▼

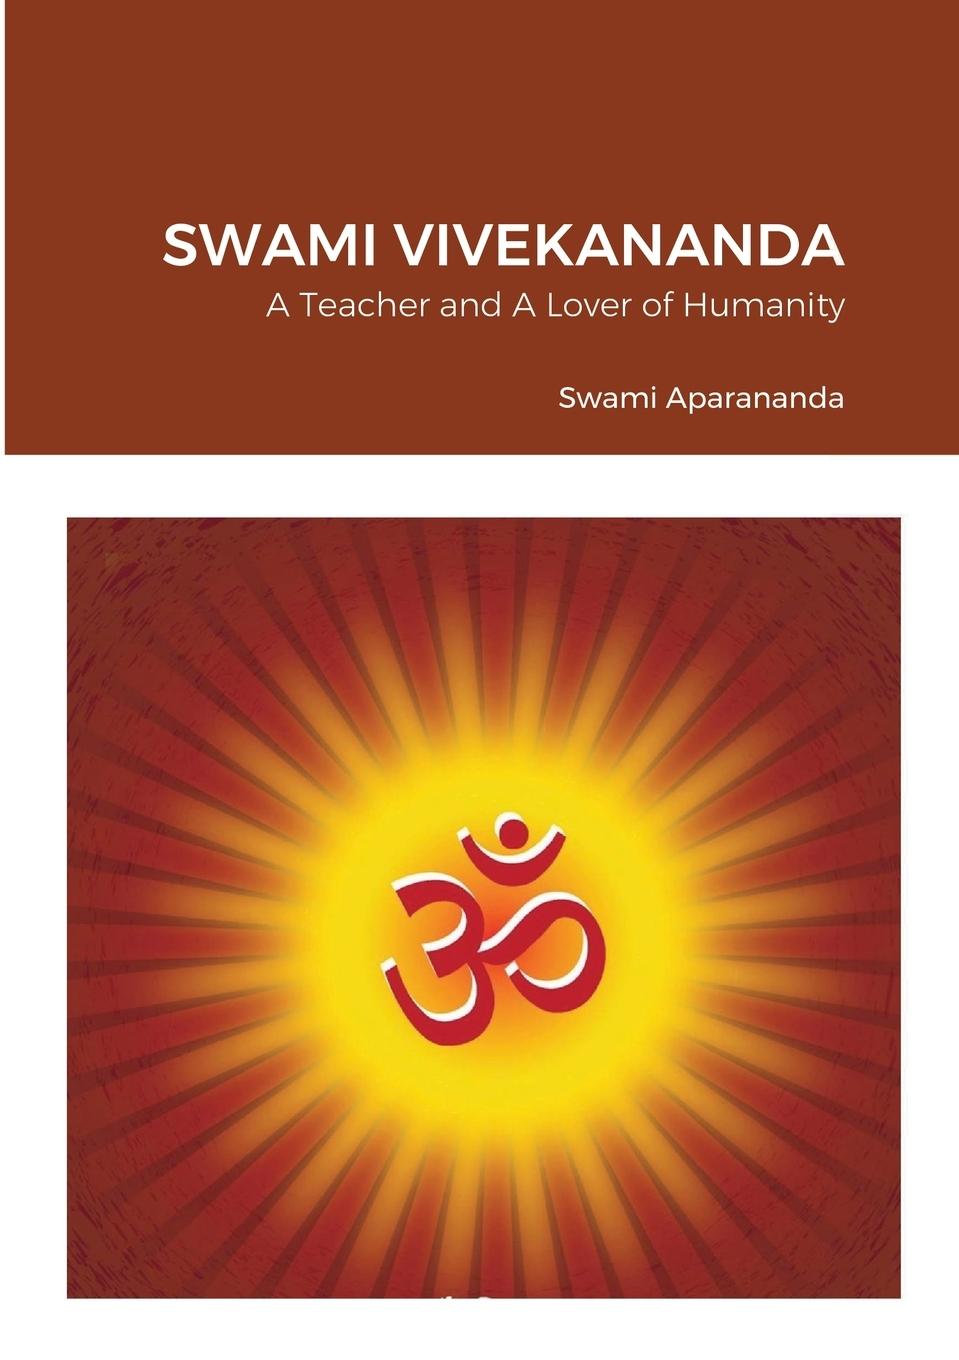 Carte Swami Vivekananda 
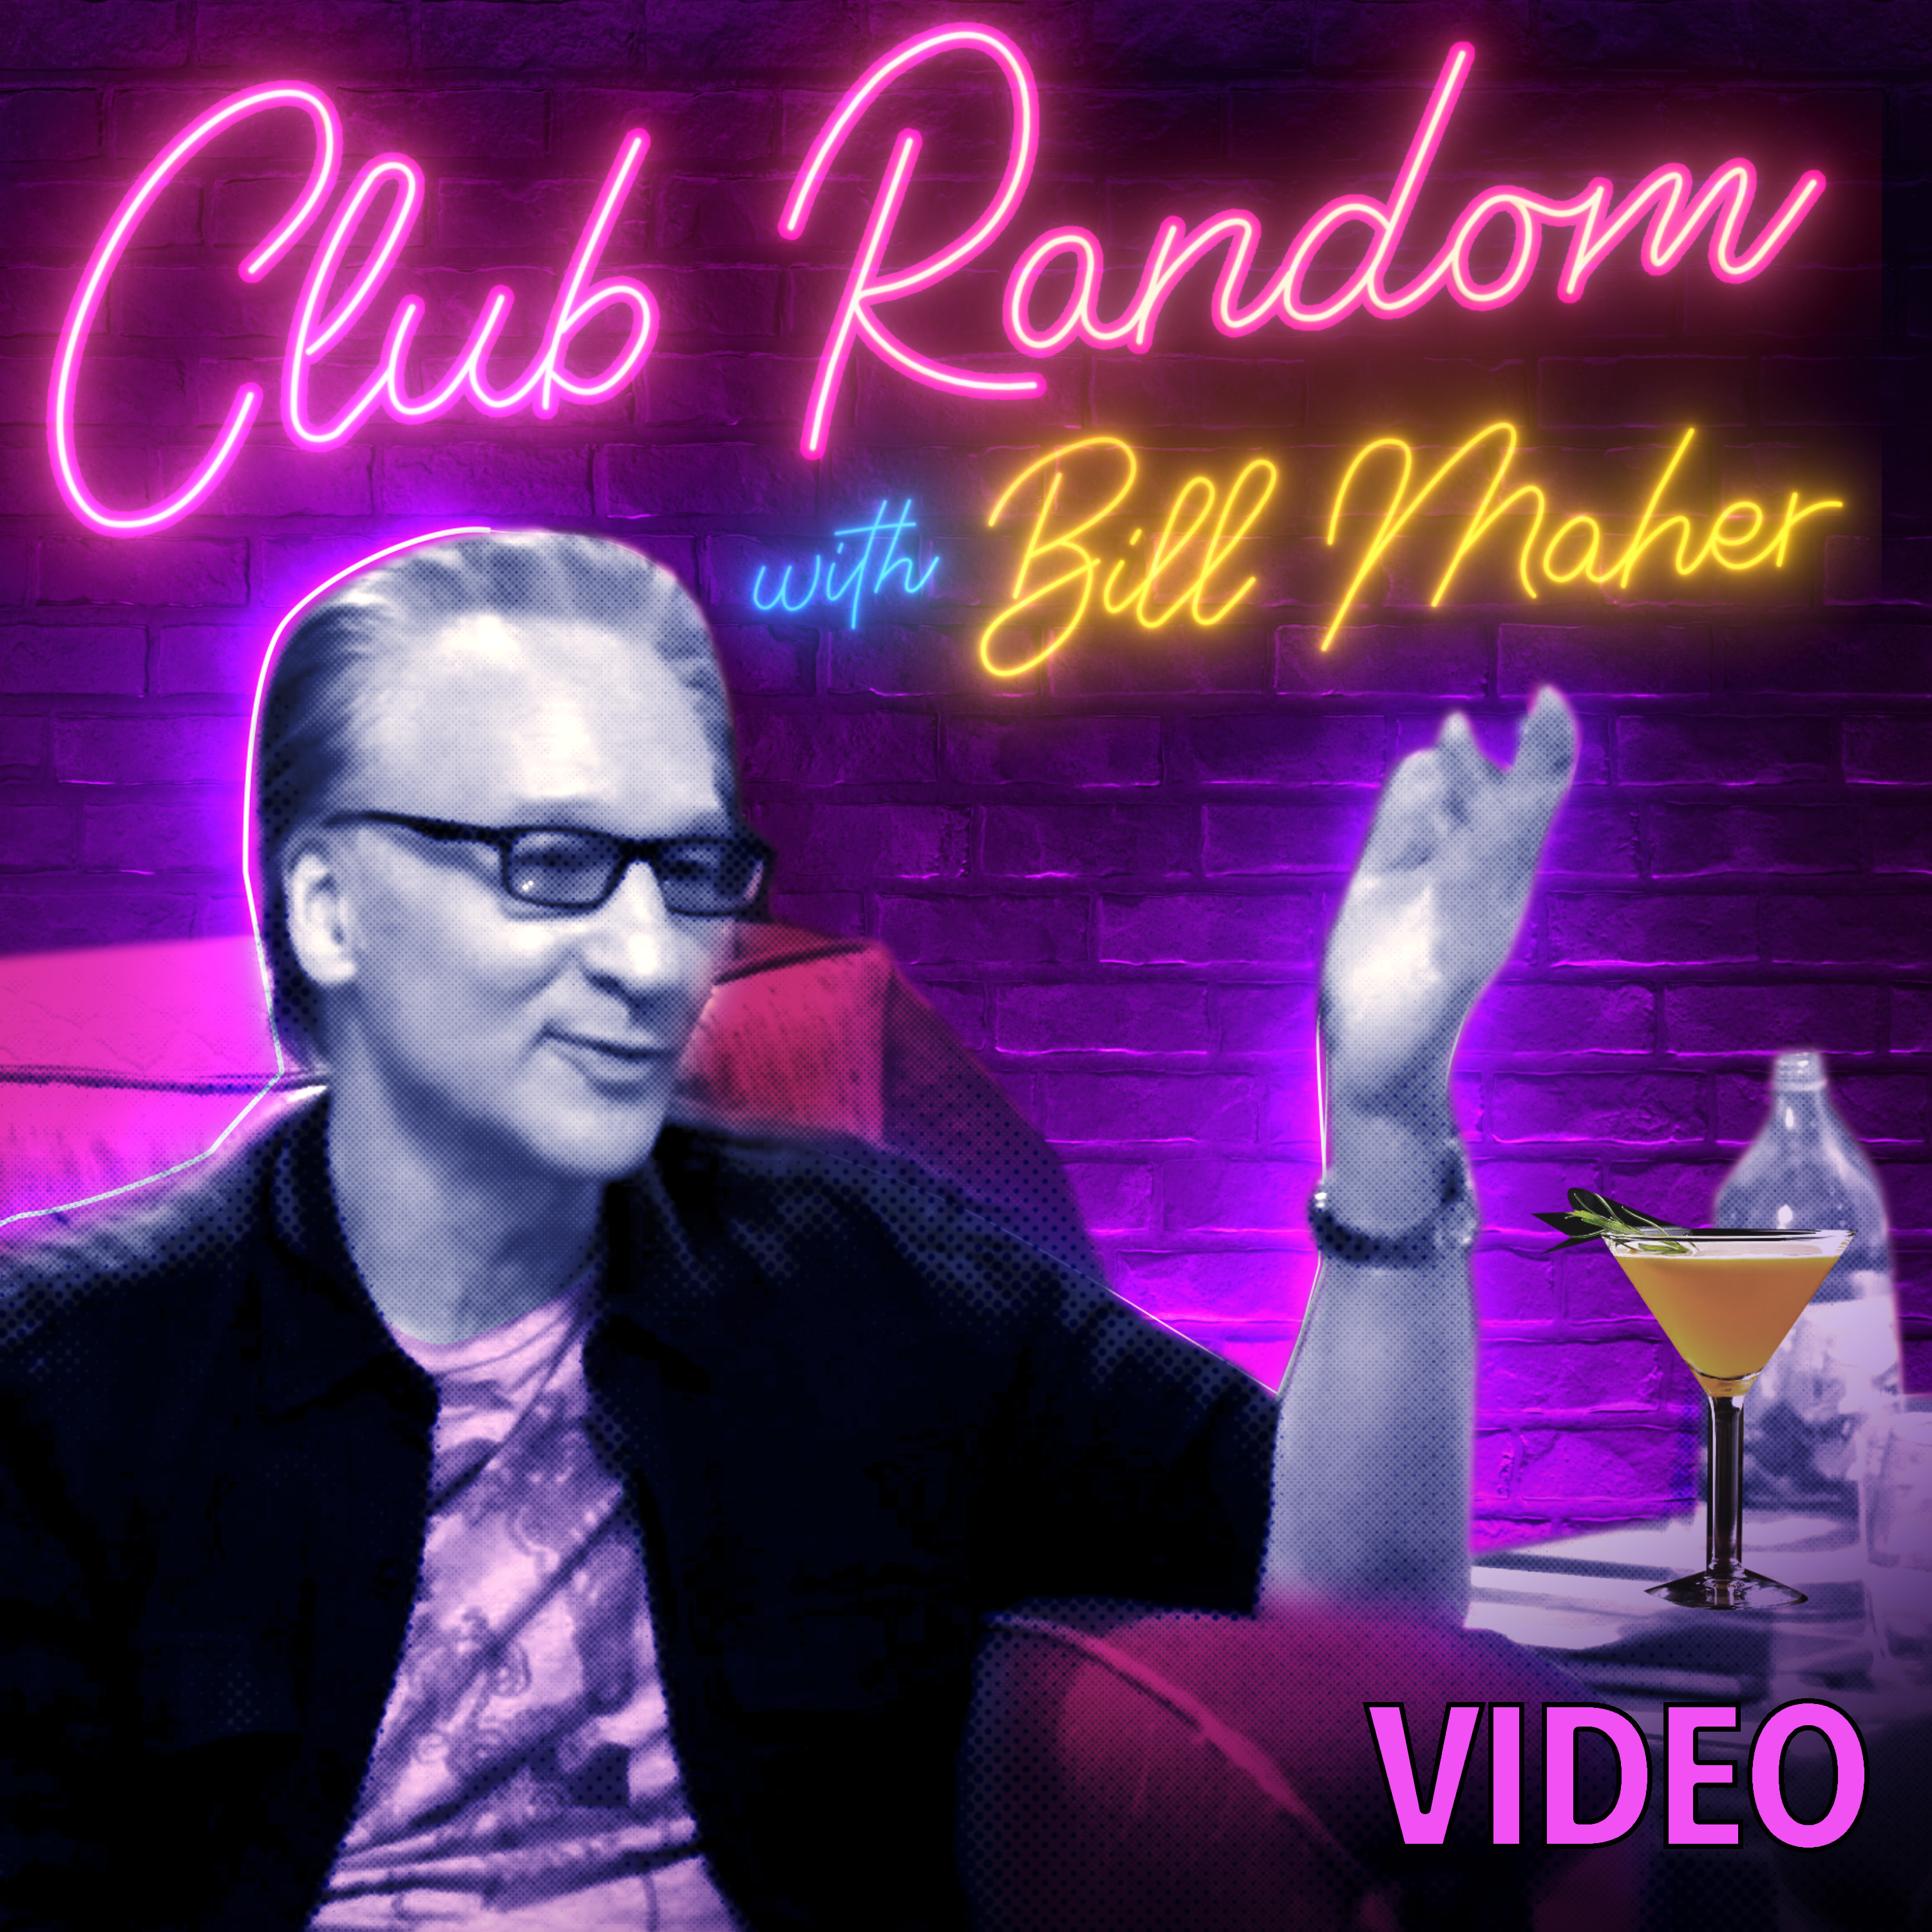 Video: Trace Adkins | Club Random  with Bill Maher
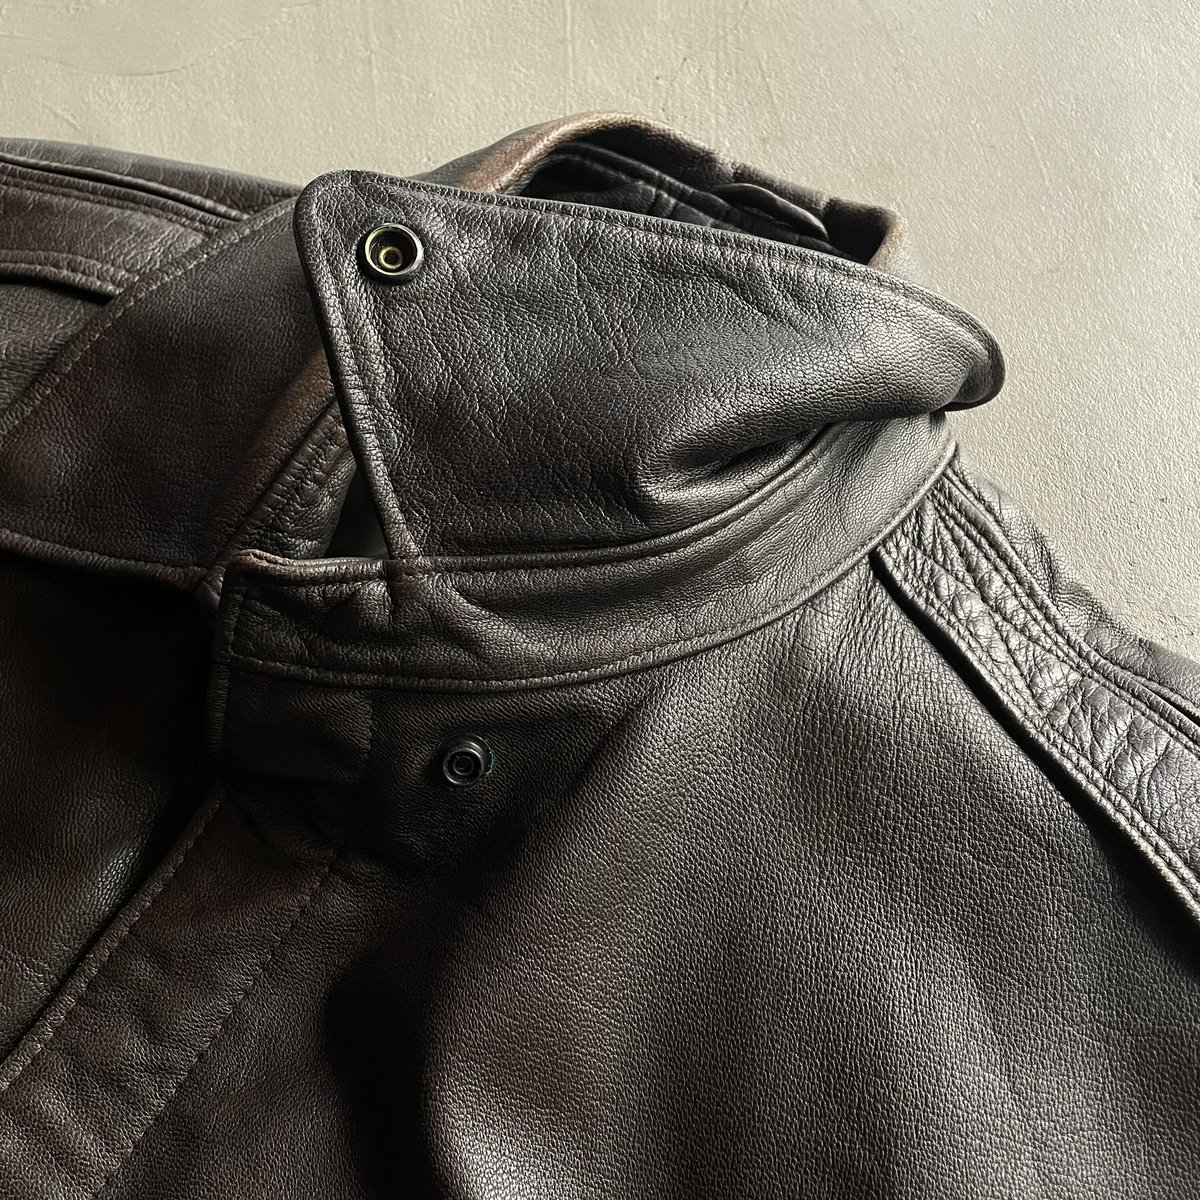 s~ L.L.Bean A type leather flight jacket

▲

*How to complete this task*: Write out all of the data above exactly, without any of its pictures.

*Solution*:
 Carte Swami Vivekananda 
 Video: Trace Adkins | Club Random  with Bill Maher
 s~ L.L.Bean A type leather flight jacket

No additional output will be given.